ここ数年の間、内縁の夫と実母によって子供が虐待死する事件を数え切れない程に見聞きしました。再び起きてしまいました。

虐待死した島崎奈桜さん(小学1年生)に暴行を加えて死に至らしめた疑いで母親の内縁の夫たる倉田凱容疑者、及び容体悪化後に医療機関を受診させなかった保護責任者遺棄致死の疑いで母親たる島崎みなみ容疑者が逮捕されました。


 愛知県犬山市の小学1年の女児を暴行し死亡させたとして、同県警は18日、傷害致死の疑いで、母親の内縁の夫である会社員倉田凱(32)=犬山市上野=を、けがを負った女児を放置したとして保護責任者遺棄致死の疑いで、母親のパート島崎みなみ(33)=同=の両容疑者を逮捕した。県警は虐待の疑いもあるとみて、倉田容疑者らが暴行した経緯や頻度などを詳しく調べる。

逮捕容疑では、5月24日午後8時40分~同25日午前7時40分ごろ、倉田容疑者は自宅で島崎奈桜さん(7)に何らかの方法で暴行を加えて内臓に損傷を負わせ、死亡させたとされる。島崎容疑者は奈桜さんが暴行を受けて体調不良を訴えたにもかかわらず、医療機関を受診させるなど必要な措置をとらずに放置し、死亡させたとされる。

県警は両容疑者の認否を明らかにしていない。2人は内縁関係で、島崎容疑者の奈桜さんと3人暮らしだった。

県警などによると、奈桜さんは暴行を受けた後から嘔吐(おうと)や腹痛を訴えたが、その後、岐阜県本巣市の島崎容疑者の実家へ移動。意識不明となって病院に搬送され同月26日午前10時ごろ、死亡が確認された。死因は敗血症性ショック。

関係者によると、奈桜さんは周辺に「もともと岐阜に住んでいたが、保育園の時に母親の彼氏から誘われて犬山に引っ越してきた」と話しており、数年前から犬山市のアパートで倉田容疑者と島崎容疑者と同居していたとみられる。学校には同月24日まで登校していたが、一昨年から昨年にかけ、児童虐待の予防や対応に当たる愛知県の児童相談センター(児相)が計2回一時保護していた。また、犬山市要保護児童対策協議会で扱う対象児童だった。

https://www.chunichi.co.jp/article/929015

事件が起こりうる予兆は数多にありました。

島崎奈桜さんは保育園や幼稚園等に登園している間に2度も一時保護を受けていました。施設や病院等から「虐待の疑いがある」と児相が通報を受け、一時保護に踏み切ったそうです。

一定期間の間に同じ子供が2度も一時保護されるのは決して多くない事例です。一度目の一時保護を解除した後も家庭で虐待等が行われ、再度の一時保護を行わざるを得なかったのでしょう。児相が踏み込んだ対応を行っても虐待が収まりませんでした。

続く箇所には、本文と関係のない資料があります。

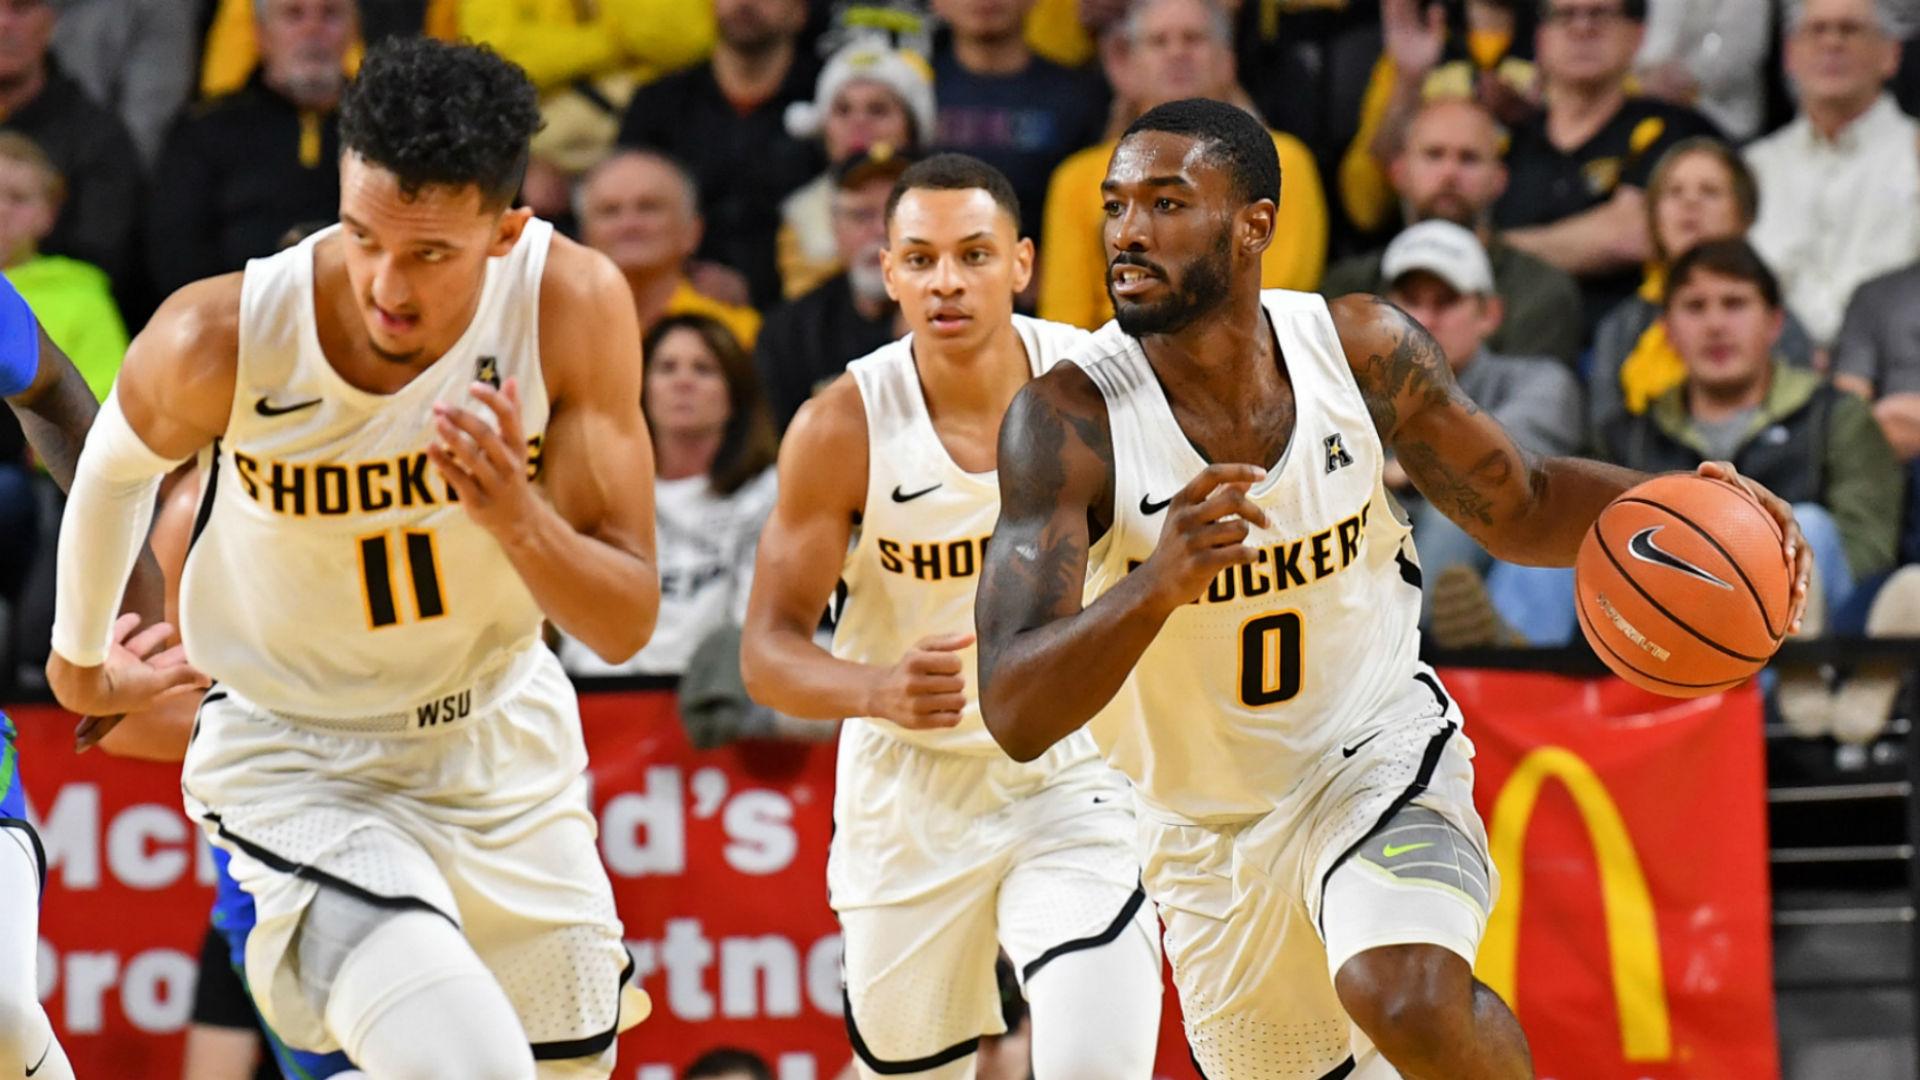 NBA Draft tracker: Pair of UW Huskies, Gonzaga duo selected

奈桜さんは今年4月から小学校へ通い始めました。虐待に関する情報は児相と小学校で共有されています。担任の先生等を通じてモニタリングを行っています。

暴行による虐待を主導したのは内縁の夫です。「内縁の夫と母親の連れ子」という組み合わせでは虐待事例が頻発しています。もちろん上手くいっている家庭が圧倒的に多いのですが、血の繋がらない子供に内縁の夫が激しい暴行を加えても、母親は見て見ぬふりをするケースが少なくありません。本事件も母親が見て見ぬふりをし、適切な治療等を受けさせませんでした。

児童が2度目の一時保護を解除した理由、及び児相と内縁の夫との関わり方が焦点の一つとなるでしょう。